Indeed, the Executive Secretary, the Association of Power Generation Companies (APGC), Joy Ogaji, said GenCos have been bearing the brunt of the challenge in addition to all other market risks.

“Frequency Deviations out of tolerable zones are not only damaging the GenCos units but are also increasing considerably the maintenance costs close to three times the normal maintenance costs. The intervals between maintenance will decrease and will need longer time for completion with a greater downtime of the generating units; needing extra investment to increase the power plant capacity,” Ogaji said.

However, TCN had said the Nigerian Grid Code Frequency Standard is 49.75Hz and 50.25Hz, while the WAPP Frequency standard is 49.80Hz and 50.20Hz.

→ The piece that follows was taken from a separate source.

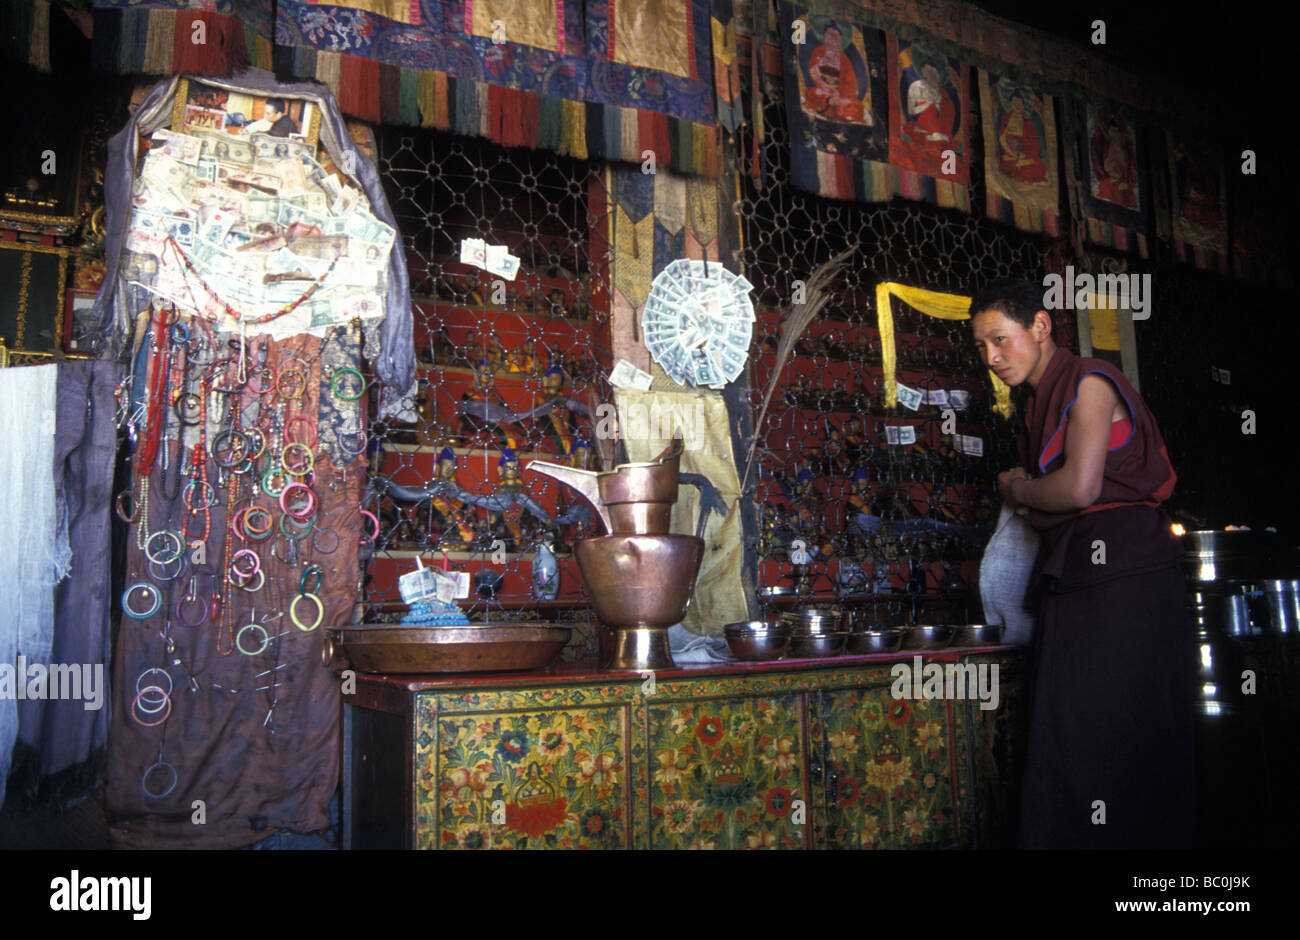 religiöse tibetisch-buddhistischen Angebote Anfänger Gelugpa Mönch Sera Gompa Lhasa Tibet autonome Region Peoples Republic Of China Stockfoto
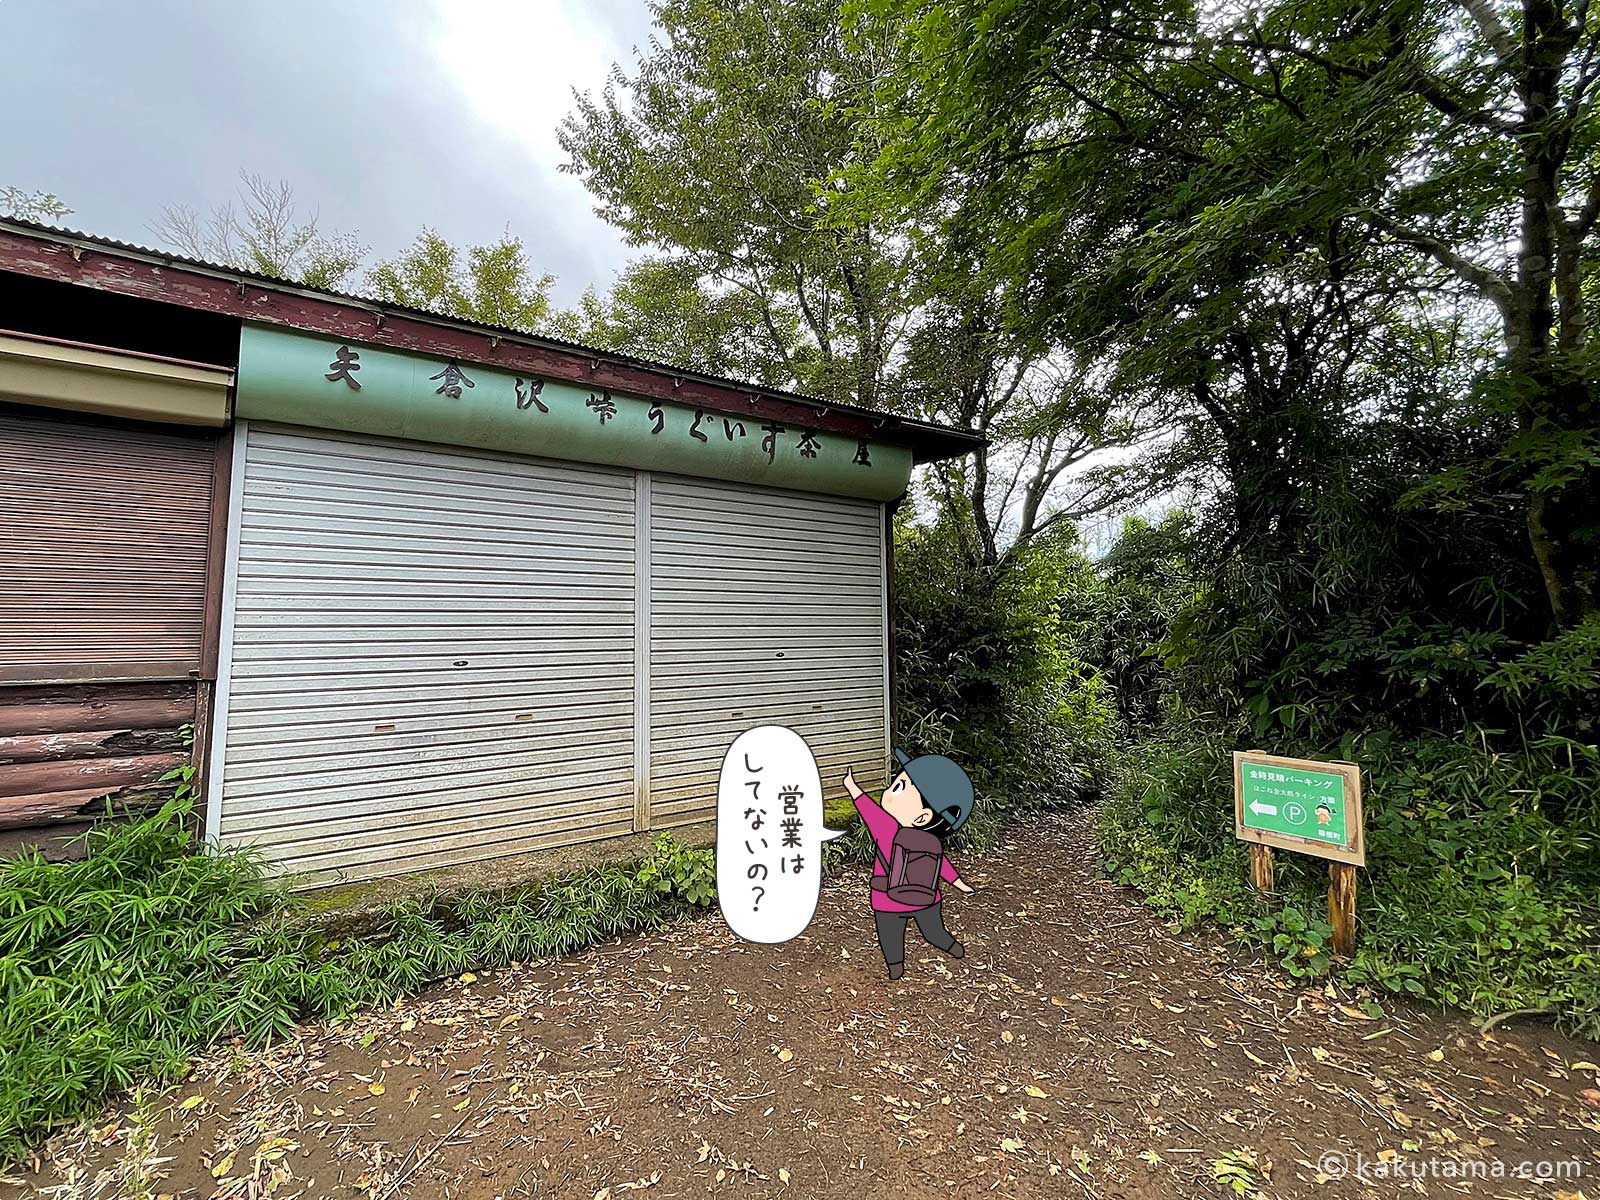 矢倉沢峠うぐいす茶屋の写真と登山者のイラスト

It also noted that the National Grid achieved frequency control of between 49.80Hz and 50.20Hz for 64.47 per cent of the time and frequency control between 49.75Hz and 50.25Hz for 85.55 per cent between December 27, 2018 and January 12, 2019.

“The frequency control is the best ever achieved in the history of Nigeria and is also the best in West Africa as at today. The frequency control achieved from January 8-12, 2019, is the best so far by any power utility in West Africa,” a spokesperson for TCN, Ndidi Mba said.

TCN explained that subsequent collapse of the National Grid, as was the case last week, was inevitable due to extant challenges, including lack of commensurate investment by the DisCos.

Meanwhile, the Association of Nigerian Electricity Distributors (ANED), the umbrella body for distribution companies (DisCos), had last year decried the repeated system collapse, stating that TCN’s analogue system caused over 100 electricity grid collapses since the privatisation of the power sector in 2013.

Stating that transmission networks constitute the vital arteries of the entire power value chain, indicating that the industry growth is contingent to development of a robust and a non-collapsible transmission to acceptable technical limits has exposed generator units to perform beyond factory rated capability.

Ogaji said the inability of the system operator to maintain grid stability leads to huge fatigue damage and higher costs. “In addition, operation of these gas turbines far away from their baseloads implies a reduction in efficiency or in other words an increase in consumption of gas by as much as 15-20 per cent, a cost not recognised by Nigerian Bulk Electricity Trading Plc. nor captured in the Multi-Year Tariff Order (MYTO).

“All electrical appliances (thermal and hydro plants) have set conditions under which they function at optimal levels and are designed to operate optimally and efficiently at baseload.”

As a result, GenCos can no longer sustain these costs alone given the level of remittance in the market, which barely covers the operating cost, she noted/

“The only sane thing to do to save the sector from collapsing is for GenCos to adhere to Section 12.6.6 of the Grid code by allowing the generator to disconnect the Generating Unit for reasons of safety of personnel, Apparatus, and/or Plant,” Ogaji said.